= Christine Dalnoky =

French landscape architect and educator

Christine Dalnoky (born 1956) is a French landscape architect and educator.

She was born in Paris and studied at the École nationale supérieure des Beaux-Arts there and at the National School of Landscape Architecture in Versailles. Dalnoky worked with Michel Desvigne and Alexandre Chemetoff in Paris and with Renzo Piano in Geneva. She studied in Rome for two years after winning a competition sponsored by the French Academy in Rome. Dalnoky held a residency at the Villa Medici from 1987 to 1988;

On her return to Paris in 1988, she established the Desvigne & Dalnoky agency with Michel Desvigne. Desvigne & Dalnoky worked for public and private organizations and collaborated on projects with prominent architects including Renzo Piano, Norman Foster, Richard Rogers and Christian de Portzamparc. The agency has completed projects in Great Britain, Europe, Japan, South Korea and the United States. Notable projects by Desvigne & Dalnoky include landscape design for three stations on the LGV Méditerranée and open spaces at the Middelheim Open Air Sculpture Museum. In 2001, she won an award from the International Biennial of Landscape Architecture in Barcelona for her plan for the Greenwich Peninsula.

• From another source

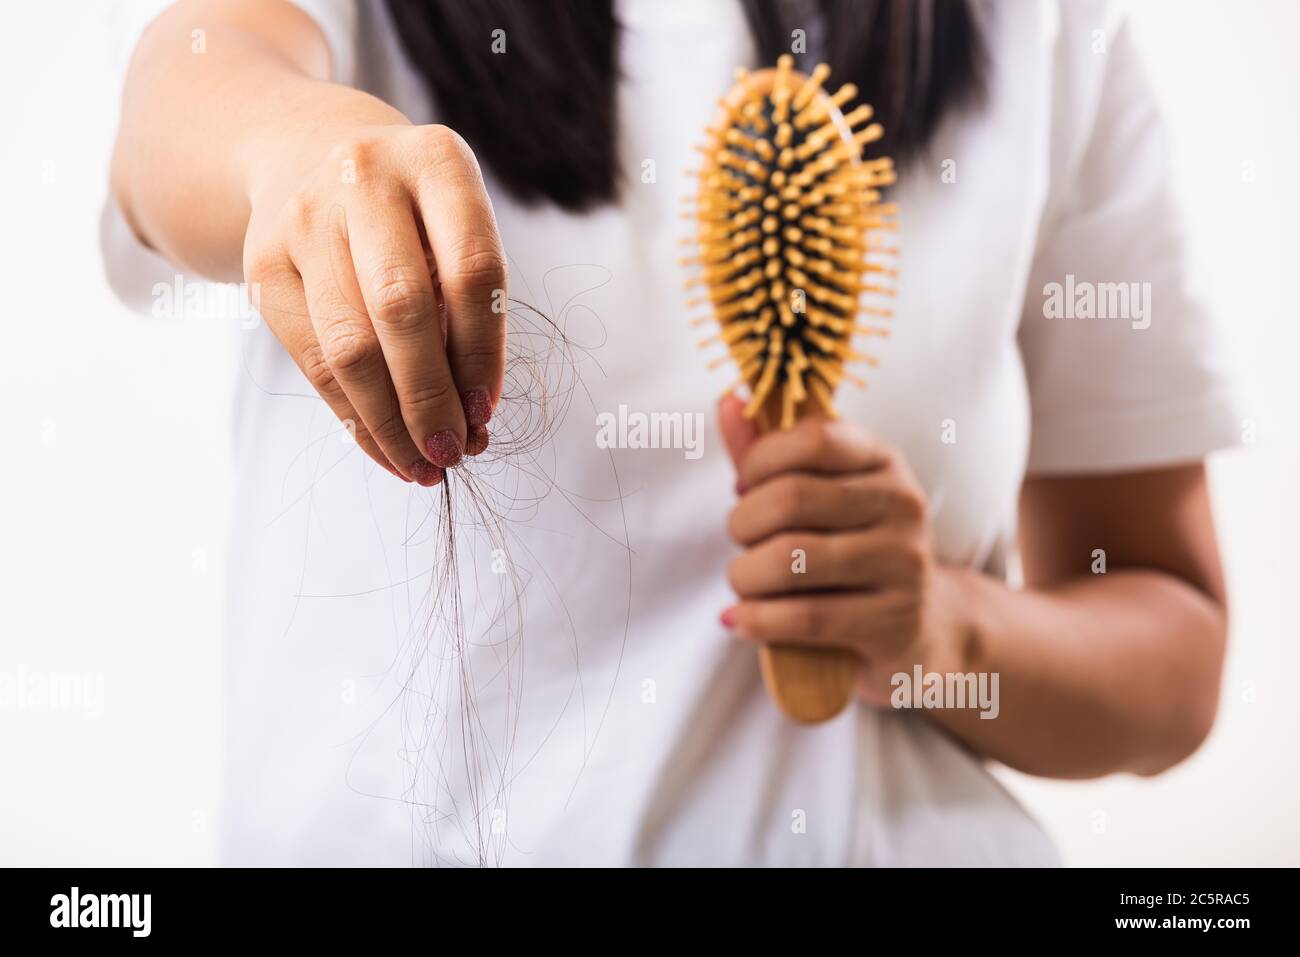 Asiatische Frau unglücklich schwache Haare Problem ihre halten Haarbürste  mit beschädigten langen Verlust Haar in der Kamm Bürste zieht sie Verlust  Haar aus der Bürste, isoliert auf Stockfotografie - Alamy

After 2002, she has worked through her "Atelier de Paysage" in Oppède, which she established in partnership with Patrick Solvet. In 2005, she submitted the winning design for the Metropolitan Water Park in Zaragoza for Expo 2008.

Dalnoky has taught landscape design in various European universities, including the National School of Landscape Architecture in Versailles, the Accademia di Architettura di Mendrisio, the École Polytechnique Fédérale de Lausanne and the Escuela Técnica Superior de Arquitectura de Barcelona.